- [Data segment]
Segment Open

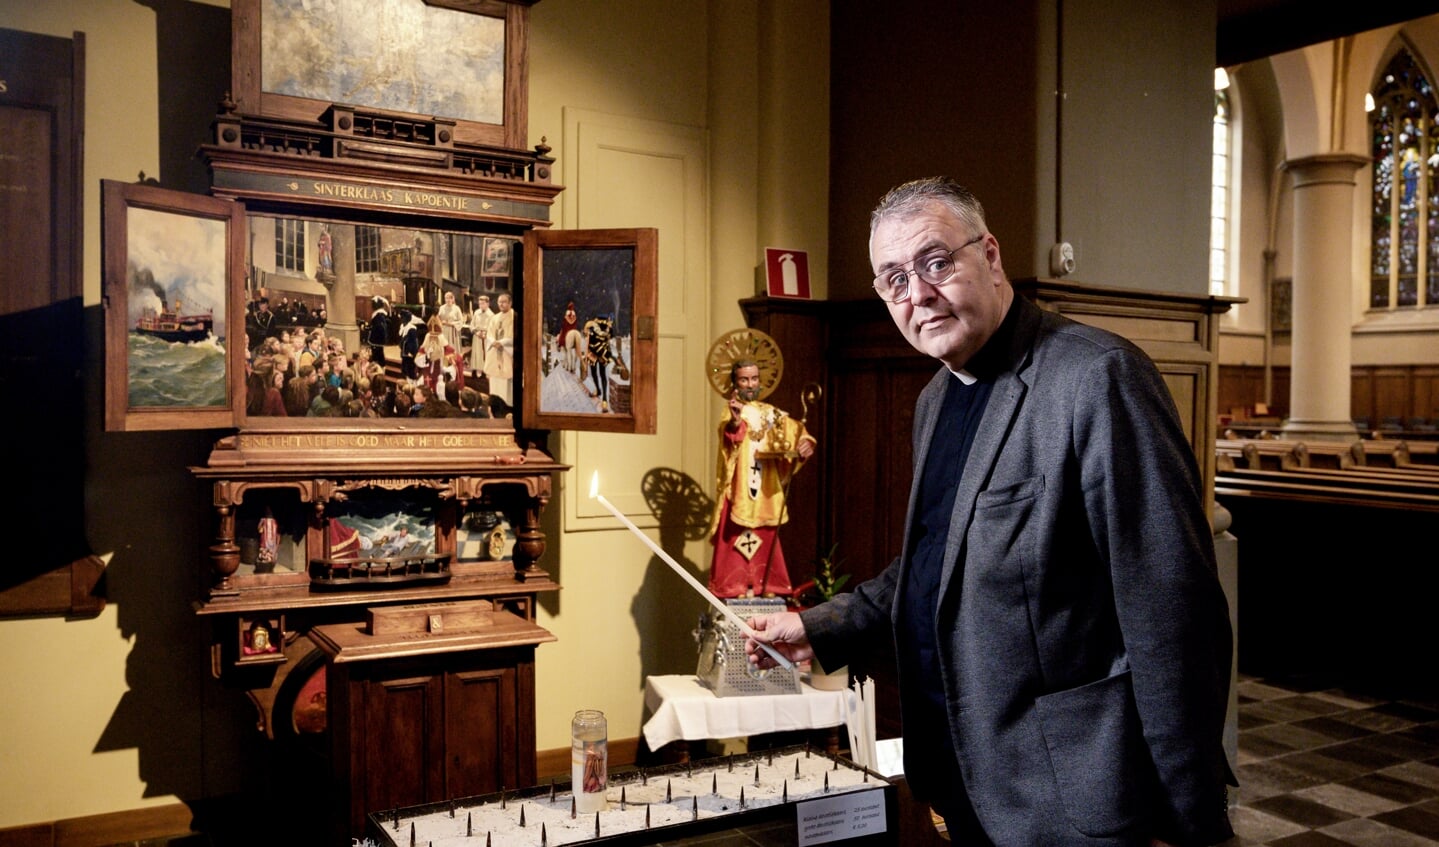 Pastoor Marcus Vankan heeft veel kennis over de Heilige Sint Nikolaas. In zijn kerk is een altaarschildering met moderne sinterklaastaferelen.
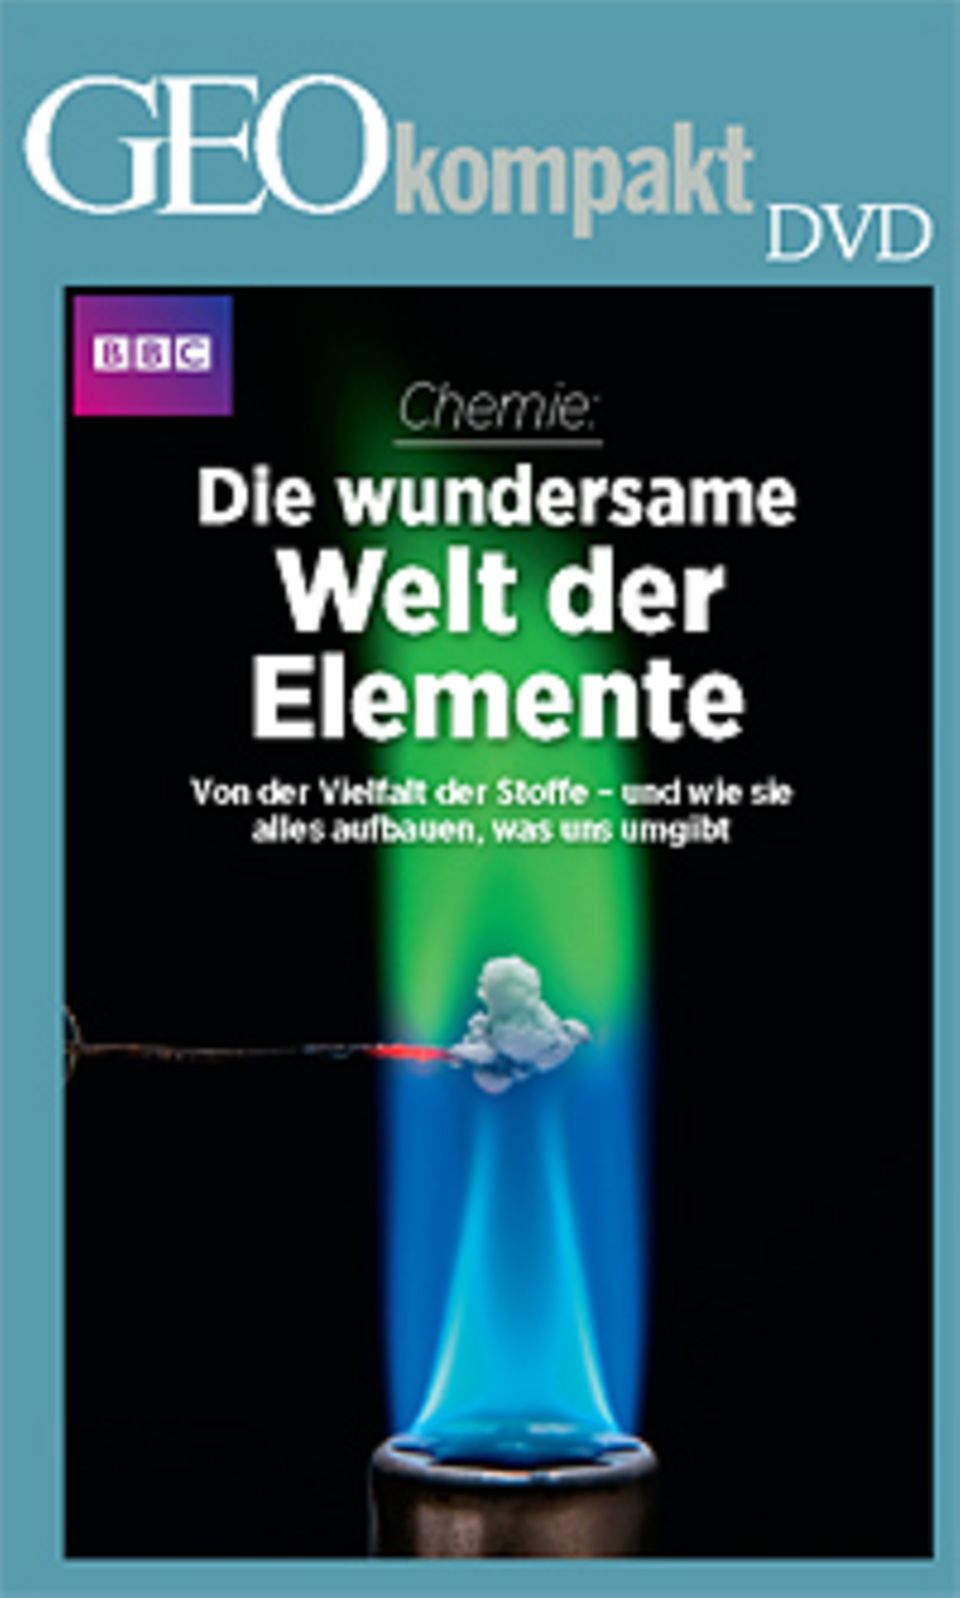 GEOkompakt Nr. 31 "Wie uns Chemie die Welt erklärt" ist auch mit DVD erhältlich
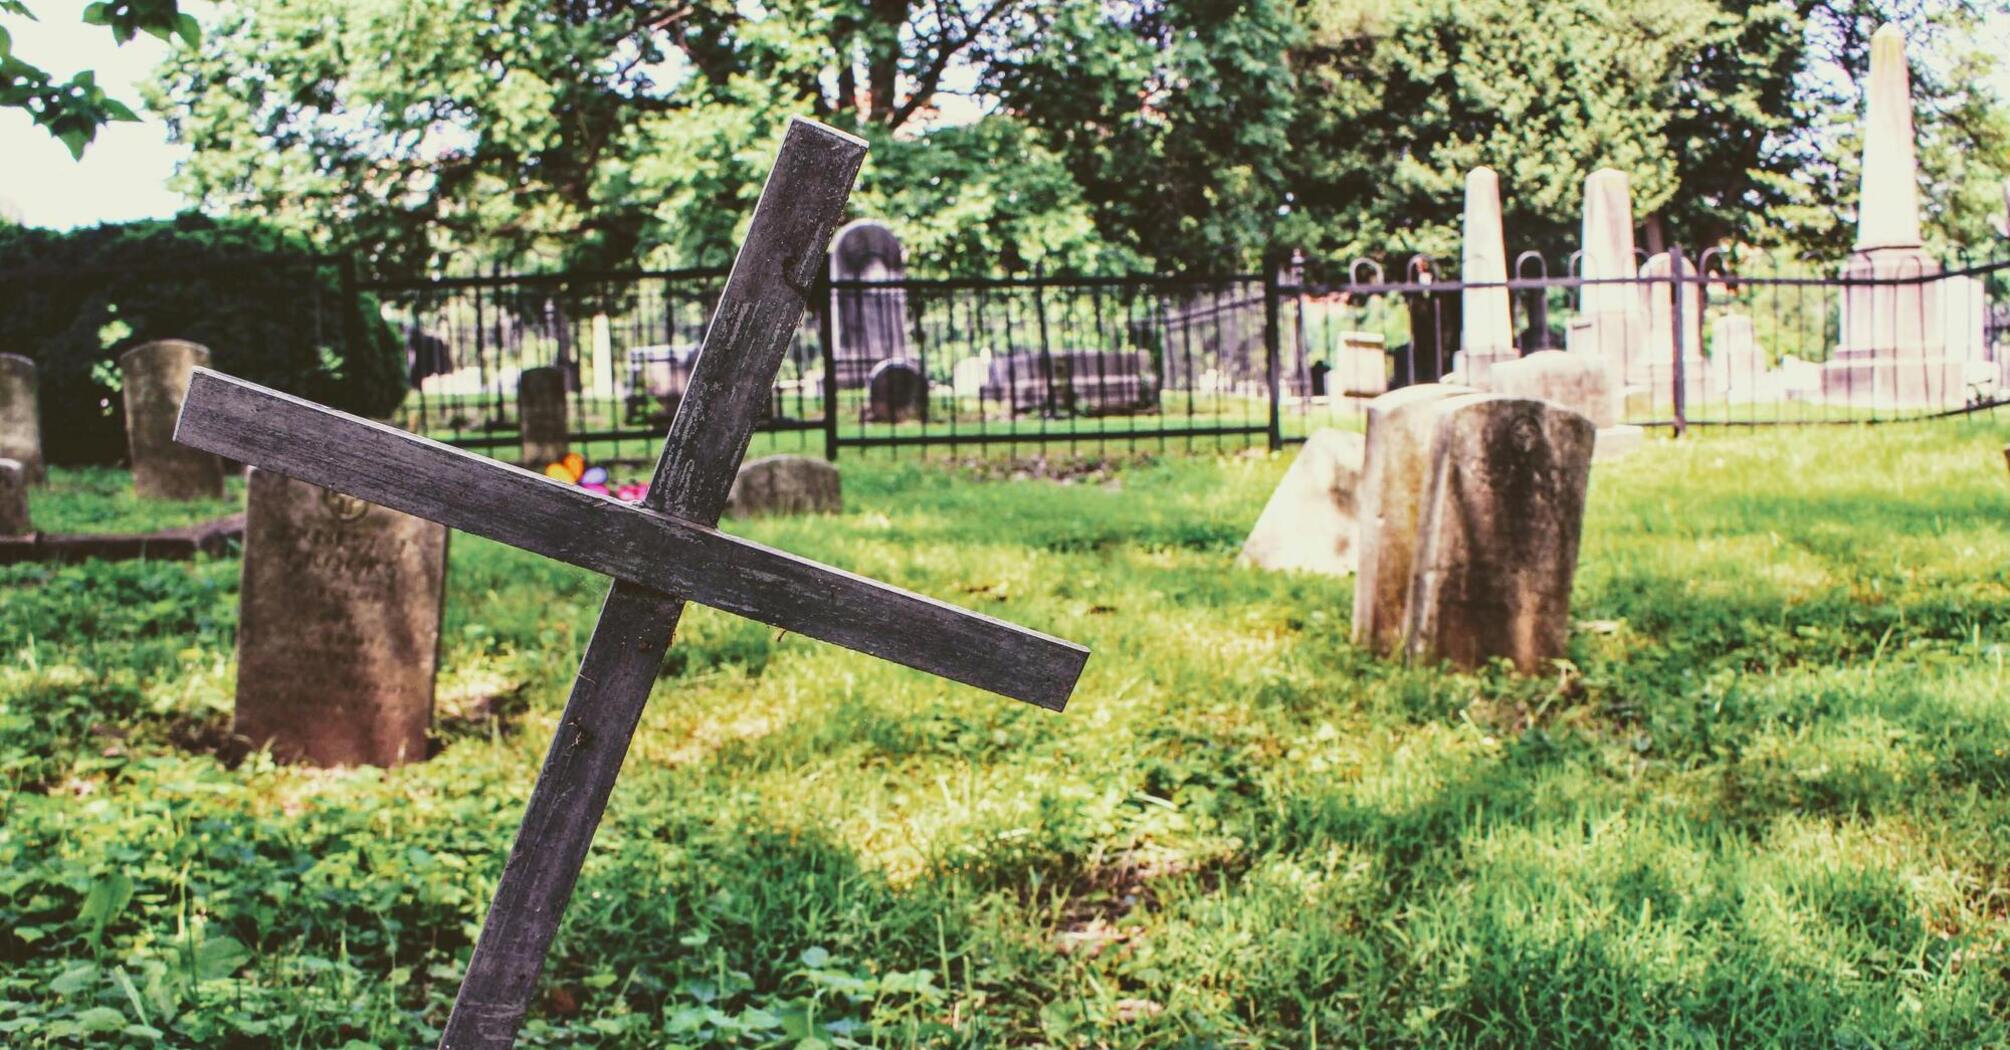 Фото со смертью: какие последствия могут быть, если снимать кладбище и похороны
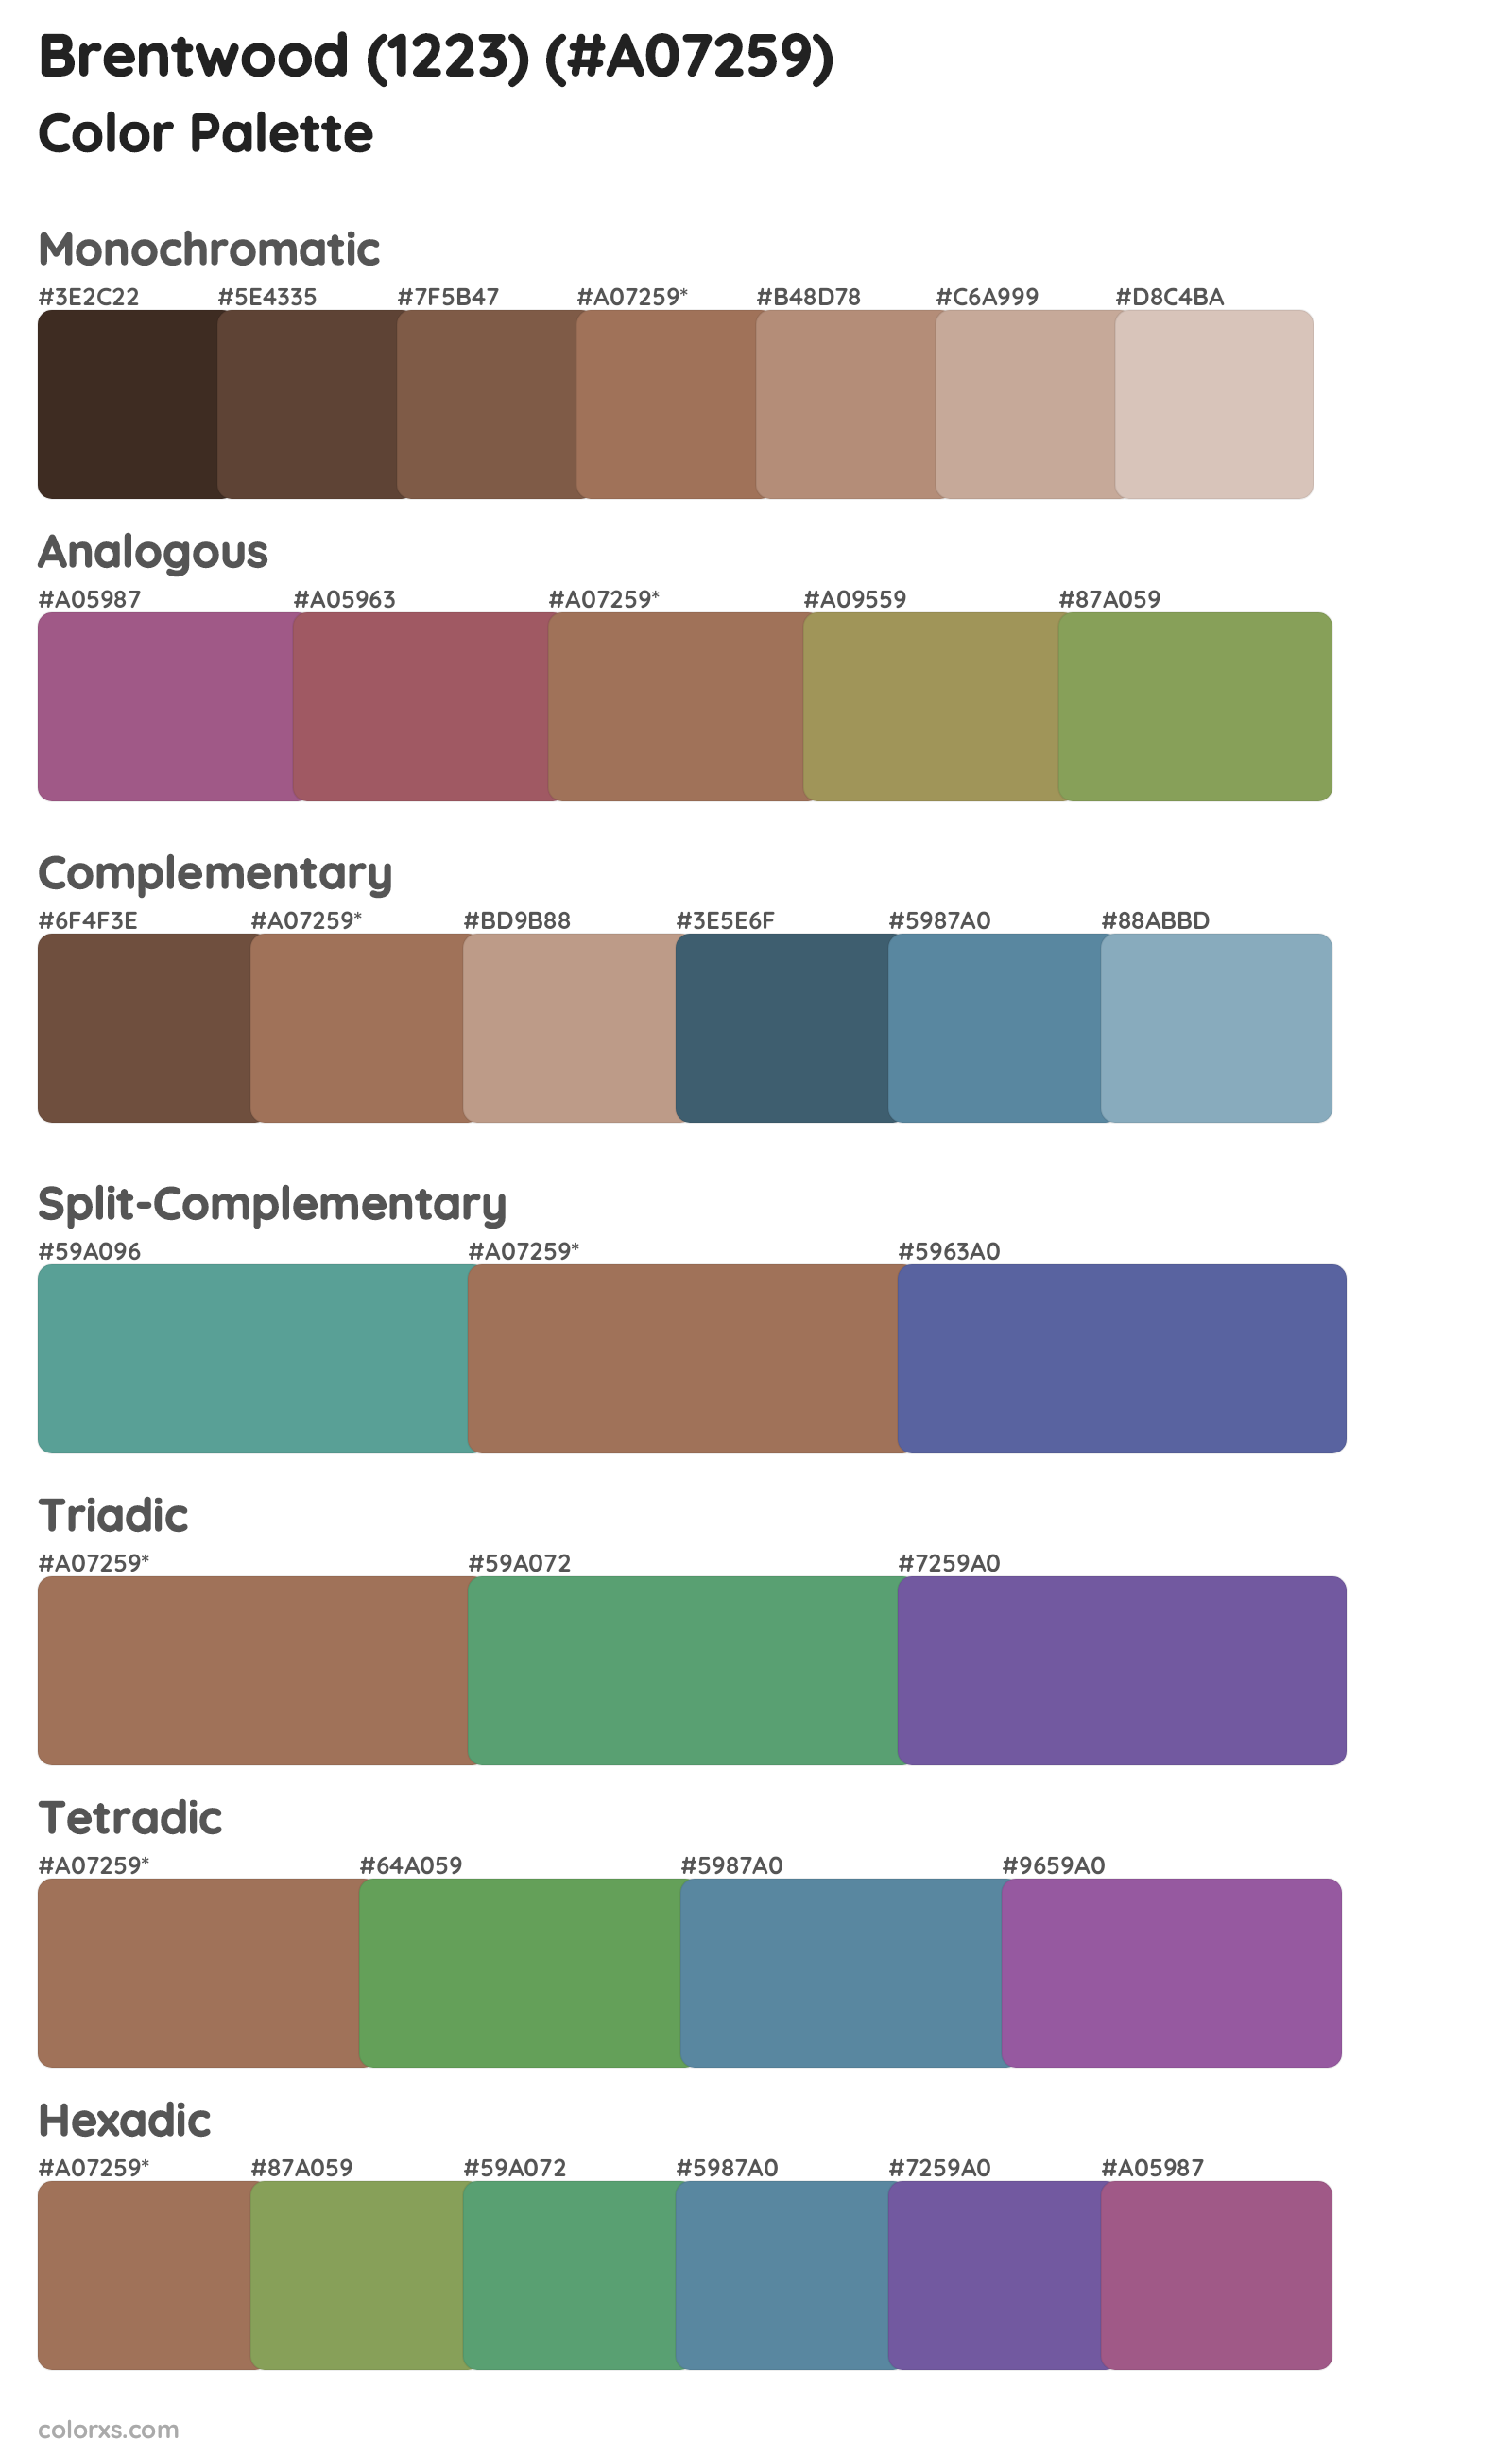 Brentwood (1223) Color Scheme Palettes

Segment Closed

- [Work item]
The reply should consist only of the lines from the top of the material above through the line with "Фото со смертью: какие", printed exactly, pictures omitted.

- [Answer area]
 Pastoor Marcus Vankan heeft veel kennis over de Heilige Sint Nikolaas. In zijn kerk is een altaarschildering met moderne sinterklaastaferelen.
 GEOkompakt Nr. 31 "Wie uns Chemie die Welt erklärt" ist auch mit DVD erhältlich
 Фото со смертью: какие последствия могут быть, если снимать кладбище и похороны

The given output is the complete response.